All in all, the transition to a wider user base was surprisingly smooth, although the amount of feedback naturally increased remarkably. Thus, we introduced some custom forms for collecting and storing feedback, which significantly improved the feedback loop.
5. A Suite of Further Applications
At this point, we had a mathematical model of the core business. While still being iteratively developed, it was mature enough to yield more accurate insight than previous solutions. Having selected the initial problem carefully, we knew that the core model created opportunities for a suite of other tools and optimization processes to further improve the efficiency of business operations. Thus, together with Finnair, we planned several new MVPs that would build on this model. There were two motivations for moving forward with multiple applications: on the one hand, we wanted to quickly create more value where it was possible; and on the other hand, we wanted to lay out clarified directions for Finnair’s operational analytics by exploring the application space and validating our ideas.

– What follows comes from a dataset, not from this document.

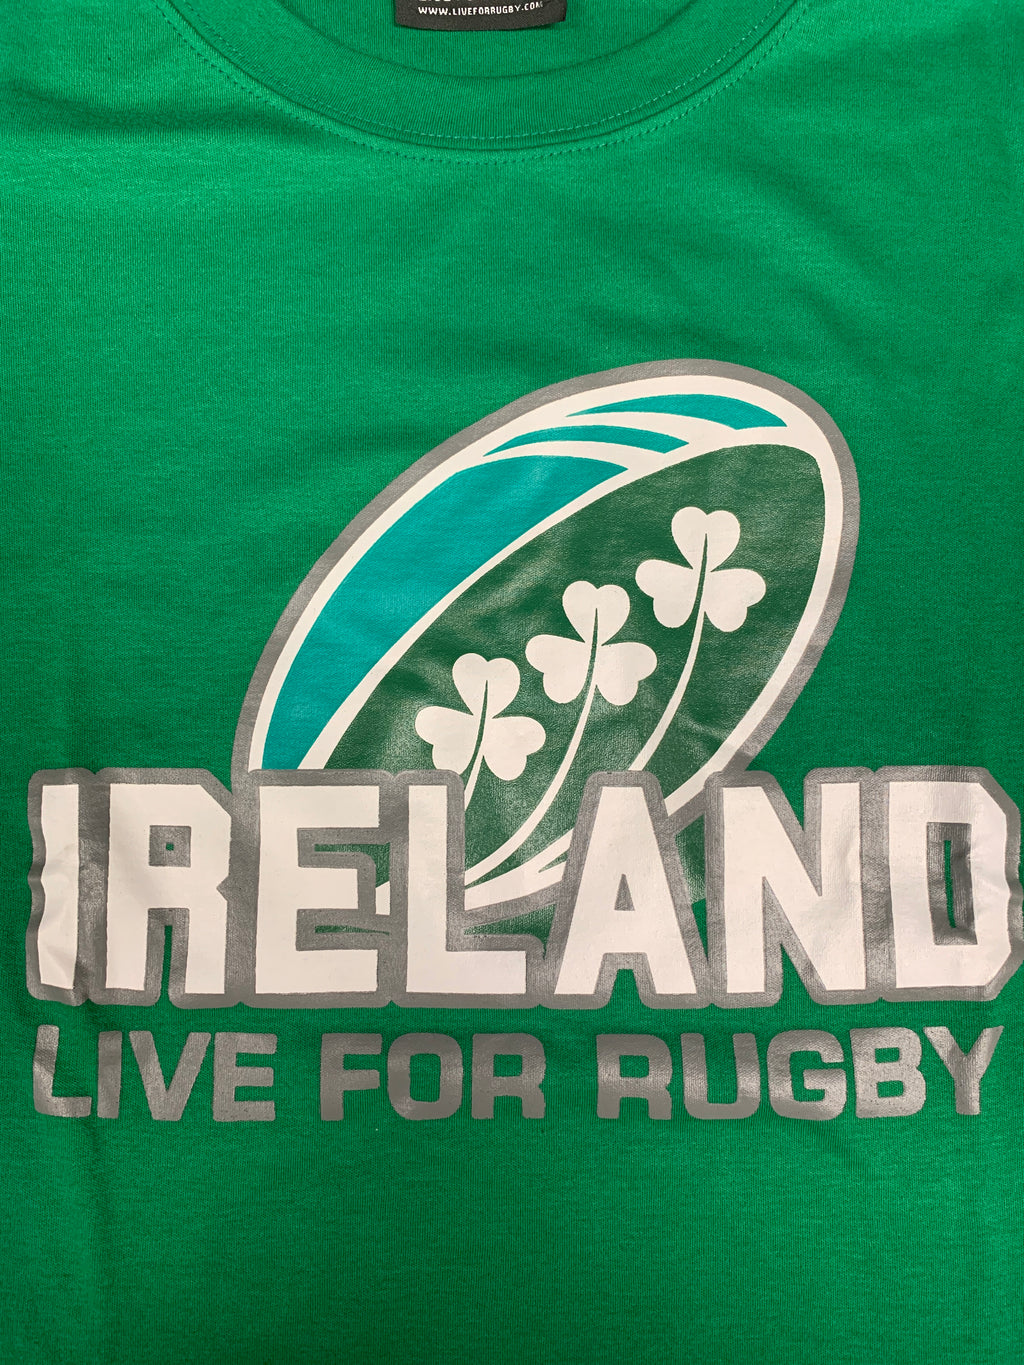 Rugby Ireland Premium Tee-Shirt

The suite of applications developed was adopted to daily operational use smoothly, which was supported by training sessions for the end users as well as an on-going gathering of feedback. Sharing information about the tools for the organization and quickly incorporating improvement suggestions to the models enabled the inclusion of key people in the development efforts and fast extraction of value from the tools. This resulted in increased customer satisfaction as well as significant cost savings at Finnair. In conclusion, the five-step data science process described in this blog post has proven to be a valuable guideline as Finnair’s operational analytics area continues to evolve.